That led the engineer to believe Cylance was using the test to close the sale by providing files that other products wouldn’t detect—that is, bogus malware only Protect would catch.
Protect has been highly ranked by a number of industry analysts for its innovative approach to “advanced endpoint security,” the broad term used to describe products designed to stop modern malware and other threats to personal computers. Protect bases its detection and blocking of malware on machine learning technology. Rather than use heuristics that look for behaviors matching specific rules, Protect has been “trained” using “the DNA markers of 1 billion known bad and 1 billion known good files,” said Cylance’s vice president of product testing and industry relations, Chad Skipper. The company’s idea has drawn investors; in fact, the stakes in Cylance taken by venture capital firms thus far value the company at $1 billion.
One reason Cylance and other new malware protection contenders have drawn so much investment—over $1.8 billion in venture capital since 2014—is that the malware protection industry is ripe for disruption.
“I’ve always been of the opinion that the antivirus industry is a little weird compared to the rest of infosec,” said Carl Gottlieb, CTO of the UK-based security consulting firm Cognition. “It’s the one industry where if you talk to any end user, they pretty much hate the product they buy every year.”
But over the past year, competitors and testing companies have accused Cylance of using product tests that favor the company. These critics have also accused Cylance of using legal threats to block independent, competitive testing.
“Even if [Cylance products] score well in our tests,” said Peter Stelzhammer, co-founder of the testing organization AV-Comparatives, “they ‘trust’ only their own sponsored test, where they can dictate the methodology.”
Cylance executives, in turn, have accused some testing companies of running tests that inaccurately represent performance—or of outright “fraud,” as one Cylance exec has repeatedly asserted in blog posts and interviews.
In an interview with Ars, Cylance’s Skipper said that current malware testing was out of step with the real threats. “There are testing organizations that do see the need to change and are working to adapt their testing methodologies,” he said. “But there are others who are frankly pay-to-play and will do anything the vendor wants them to do when it comes to the testing. We’ve seen our software pirated, put in with an older version on purpose, a lack of updates, and those sorts of things.”
So Cylance has run a series of its own shootout events to prove the superiority of Protect—tests that at least one competitor has called out as being “unfair.”
Such concerns around anti-malware testing extend far beyond Cylance and have existed for years.
“Sometimes you see weird things,” remarked Luis Corrons, the chief technology officer of Panda Security, speaking broadly about the industry. “There are many ways to poison a test or try to influence it.”
Corrons and Righard Zwienenberg of ESET presented a paper at the Virus Bulletin Conference in October 2016 on the potential gaming anti-malware product tests. In it, they noted a few obvious examples. “Some testers organize their malware testbeds by naming the files by their hashes,” the two wrote. “There have been cases where products were not able to detect malware in a file with a ‘normal’ filename, while it was detected when the name of the file matched the file’s hash.”

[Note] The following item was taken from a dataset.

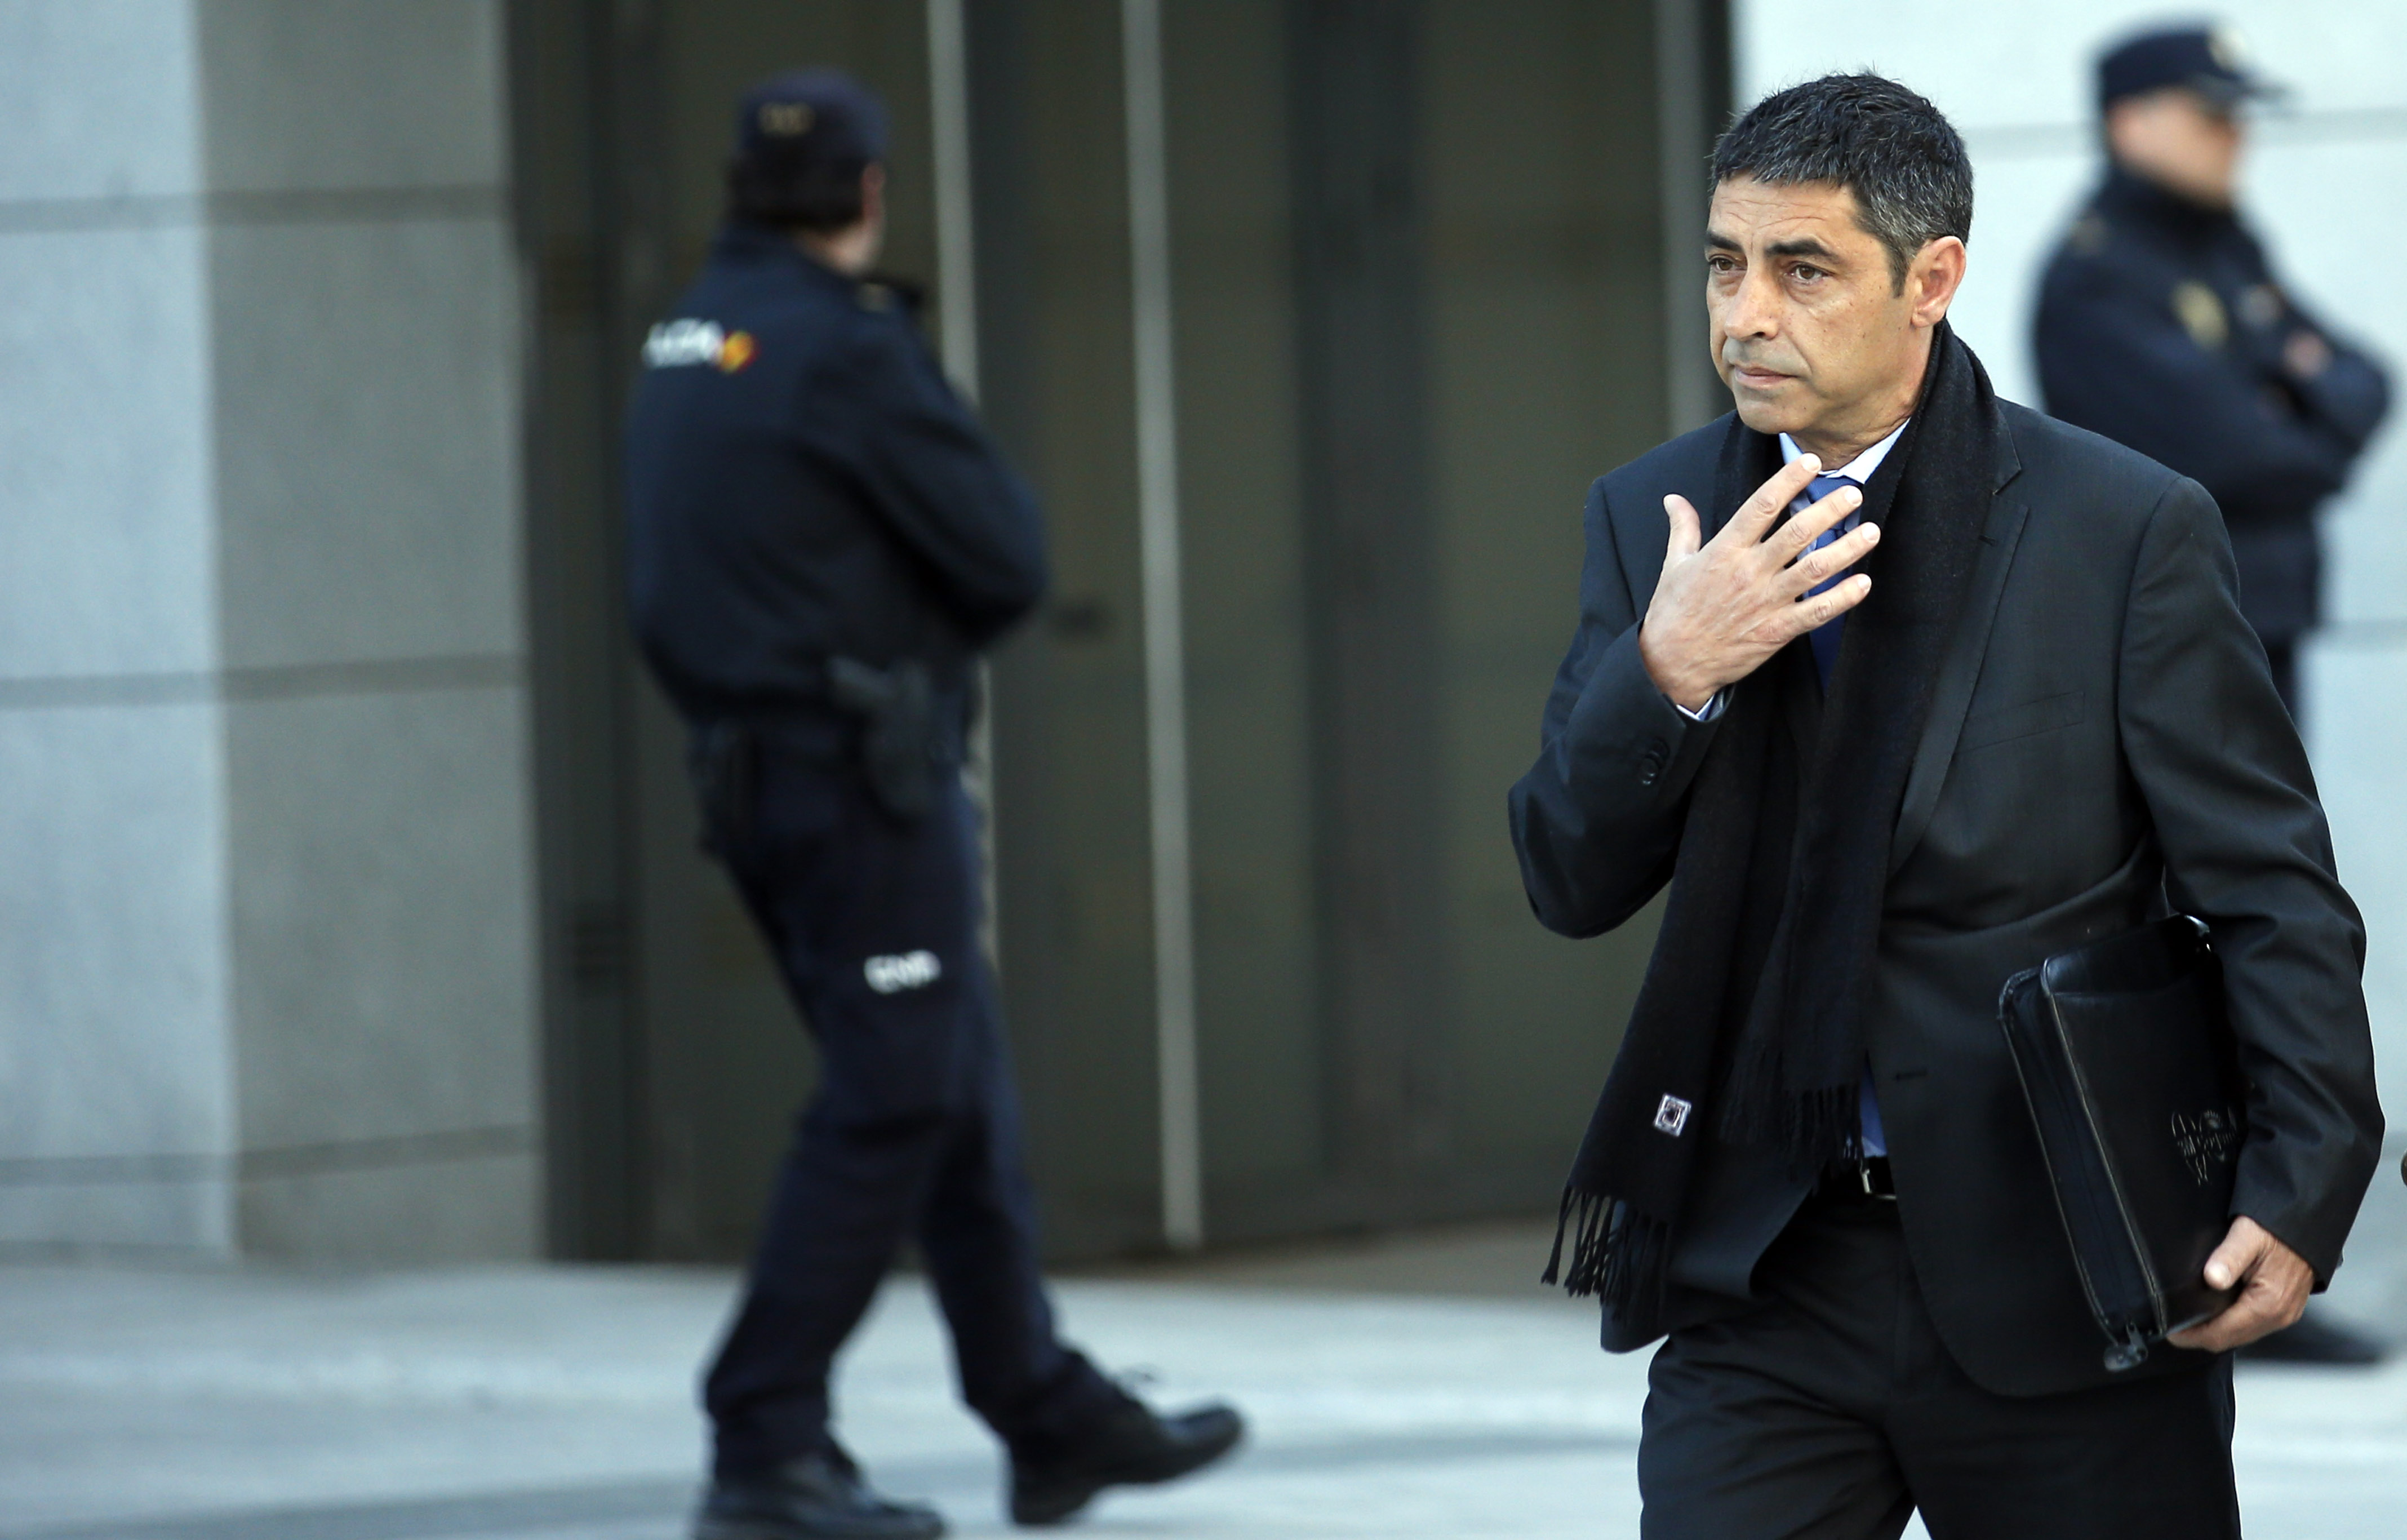 Former Catalan police chief Josep Lluís Trapero at the Spanish National Court on April 16 2018 (by Javier Barbancho / ACN)

In short, this is an industry where it can be hard to know the “objective truth”—or if such a thing even exists.
Packing it in
The case against Cylance turns on the practice of “re-packing” existing malware samples—essentially turning them into “fresh” malware. Rather than passing prospective customers raw malware samples to test, Cylance first alters the files using software utilities commonly referred to as “packers.” Packers convert executable files into self-extracting archives or otherwise obscure their executable code.
Packers have been used by some software developers (and malware authors) for over a decade to reduce the files needed for an application down to one, to control software licensing, or to defeat reverse-engineering or signature-based detection by changing the checksum value (“hash”) of the file in question—which may allow malware to slip past signature-based file checks.
Cylance executives said that they have used packing utilities to create “mutated” malware for testing, including some of the samples used in the company’s “Unbelievable” demos. “We do exactly what the enemy does,” said Skipper. “They share malware and repackage that malware to evade signature-based detection.”
Skipper contrasted this with how other vendors test products, claiming that the repositories of malware samples competitors rely on—such as the Anti-Malware Testing Standards Organization (AMTSO) and its Real Time Threat List (RTTL)—are fundamentally compromised.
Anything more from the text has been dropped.